About
What Does Buddhism have to do with Black People?
Reverend Zenju Earthlyn Manuel in conversation with Professor Faith Adiele
What is it like to be an African American who has moved from a Christian practice to a Buddhist one? Why does American Buddhism attract so few people of color and is there something to be done about it? When some Americans are in the presence of a person who is black and Buddhist, you can see the cognitive dissonance---the confusion--right there in their eyes as they struggle to process this information that so rudely unsettles their cultural and racial presuppositions.
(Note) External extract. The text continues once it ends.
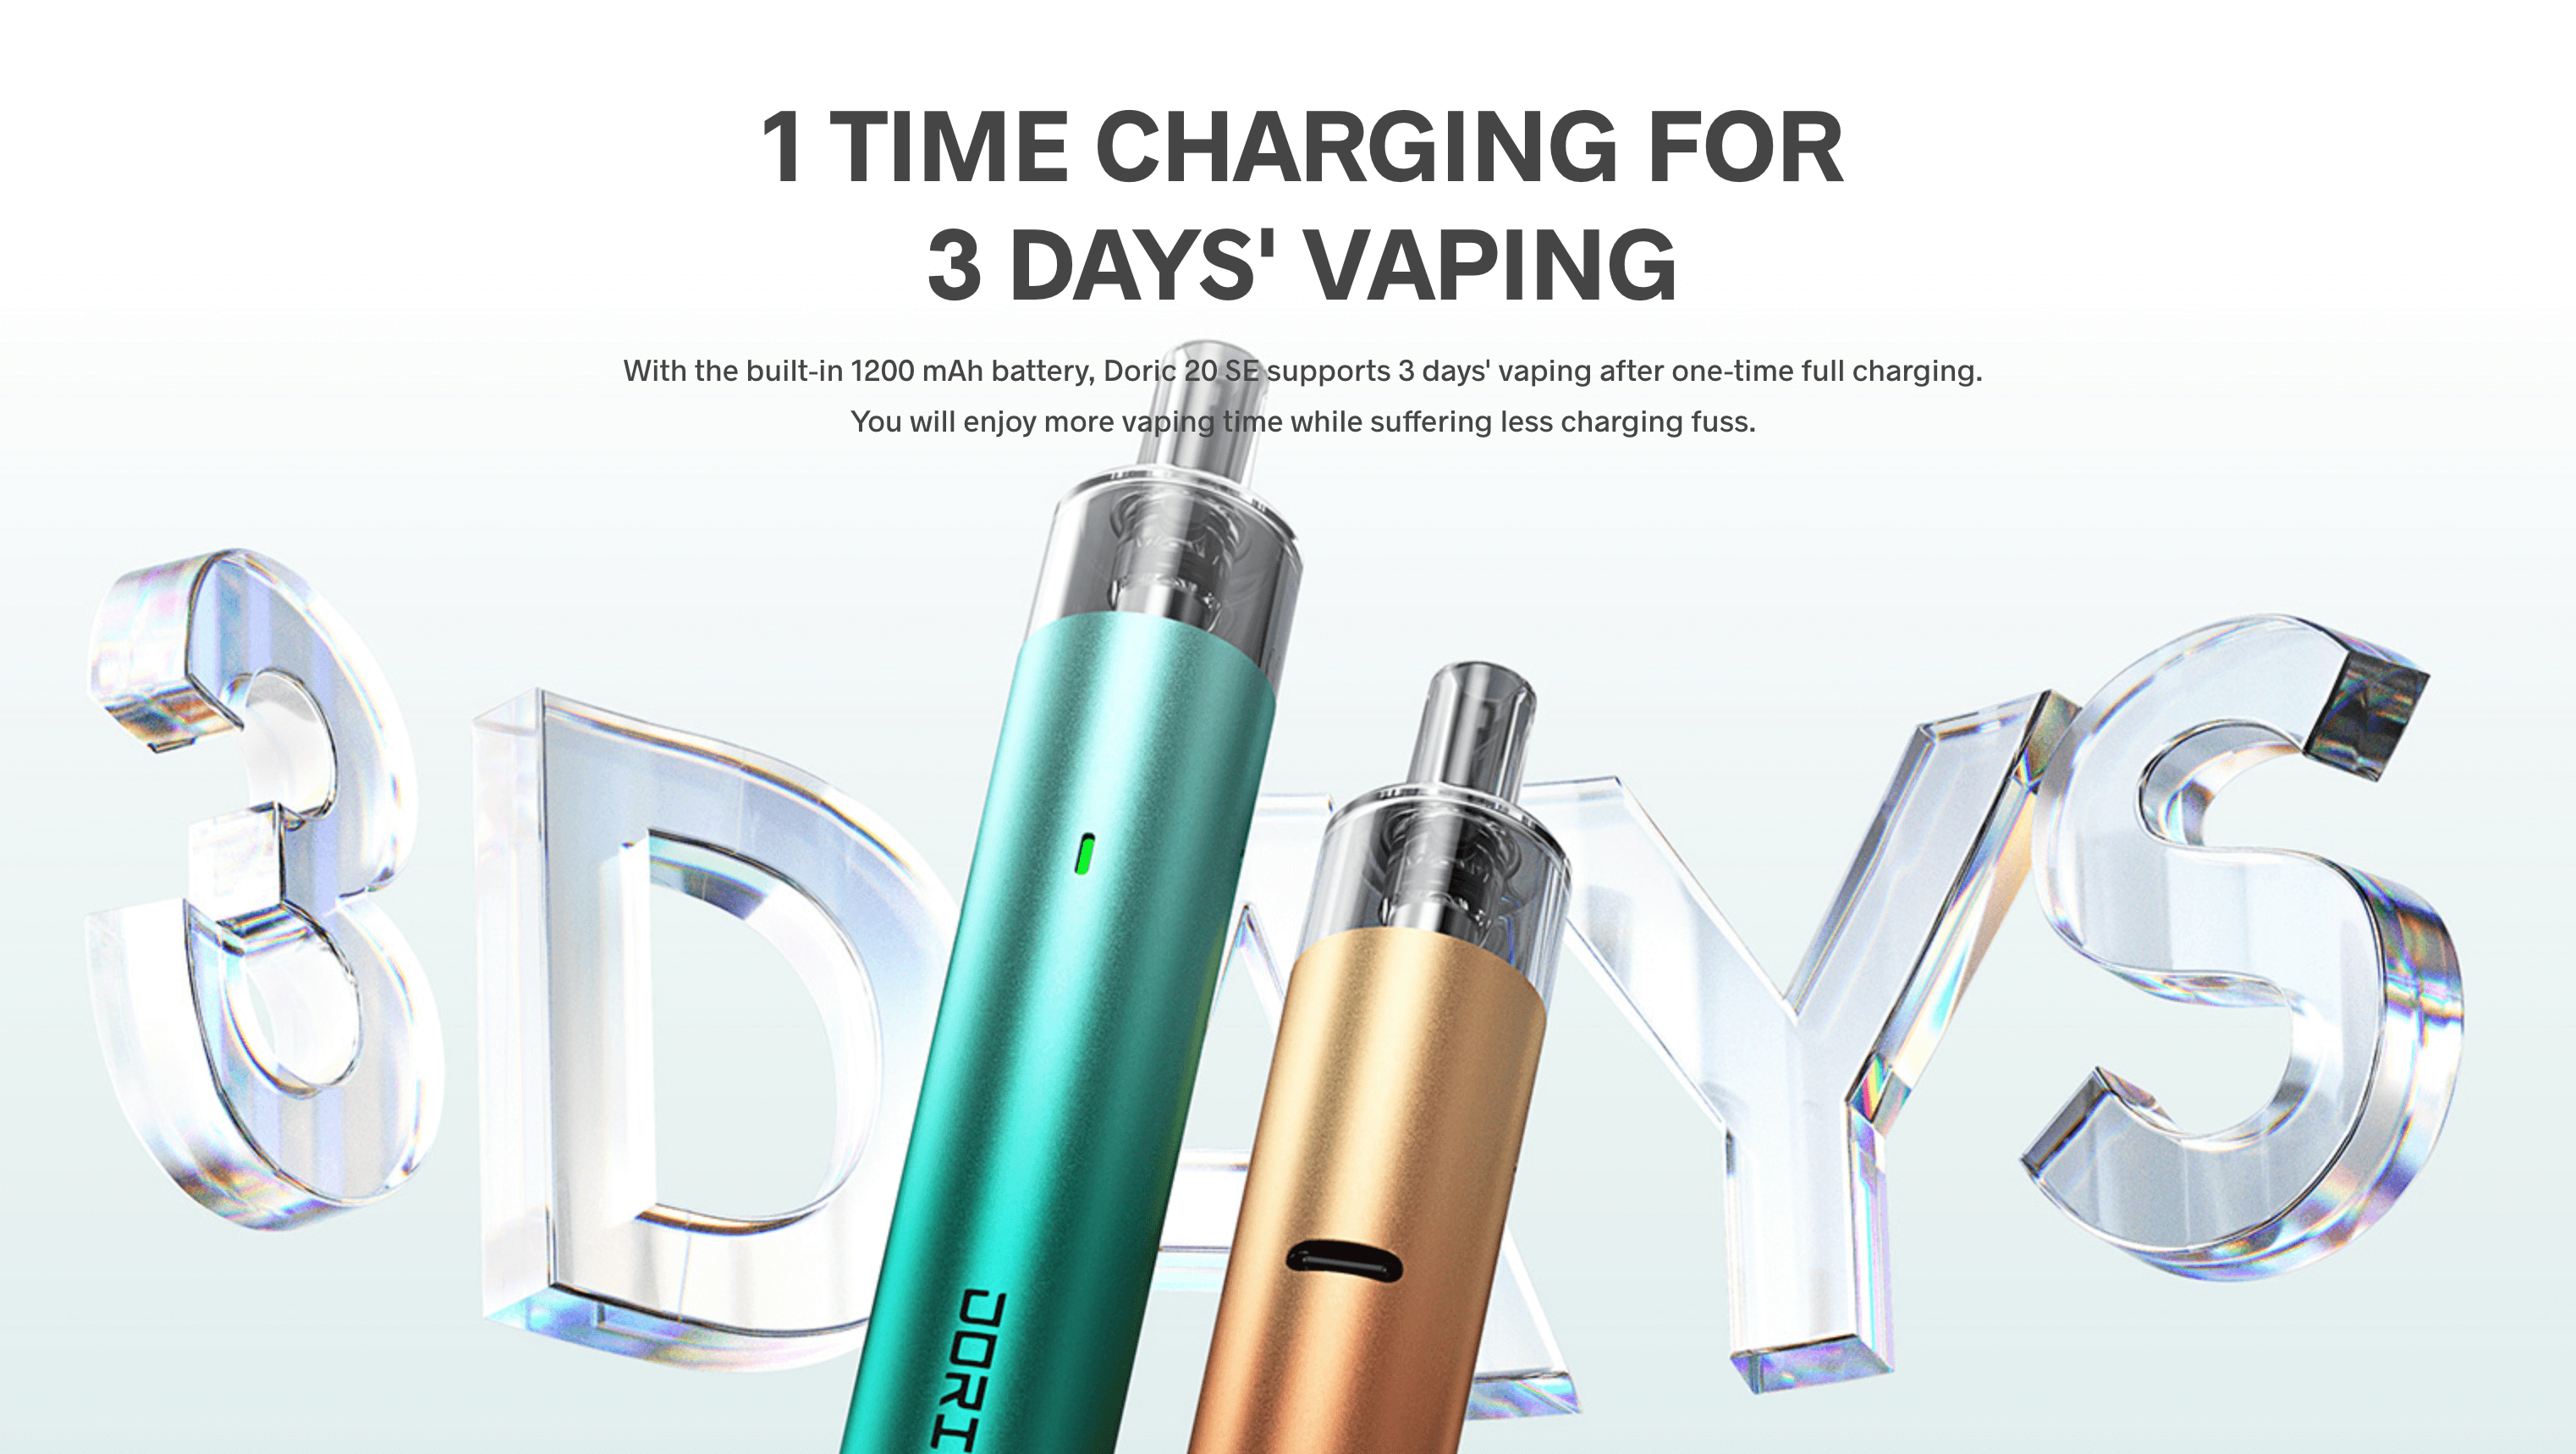 Voopoo Doric 20SE Kit - 3 days of vaping on a single charge

Rev. Zenju Earthlyn Manuel is an author and ordained Zen Buddhist priest. She combines Zen meditation, intuitive knowing, and indigenous ritual in a path of liberation. She is the guiding teacher of Still Breathing Meditation Community in East Oakland.
She is the author of Tell Me Something about Buddhism with a foreword by Thich Nhat Hanh. Her most recent book is The Way of Tenderness: Awakening Through Race, Sexuality, and Gender with a foreword by Charles Johnson, author Middle Passages, a novel and Taming the Ox: Buddhist Stories and Reflections on Politics, Race, Culture and Spiritual Practice. (zenju.org)
Prof. Faith Adiele, author, speaker & teacher, was the first black Buddhist nun of Thailand. Her memoir about the experience, Meeting Faith (W.W. Norton), won the PEN Award for Best Memoir. She teaches at California College of the Arts, the San Francisco Writers’ Grotto, and VONA: Voices of Our Nations Arts.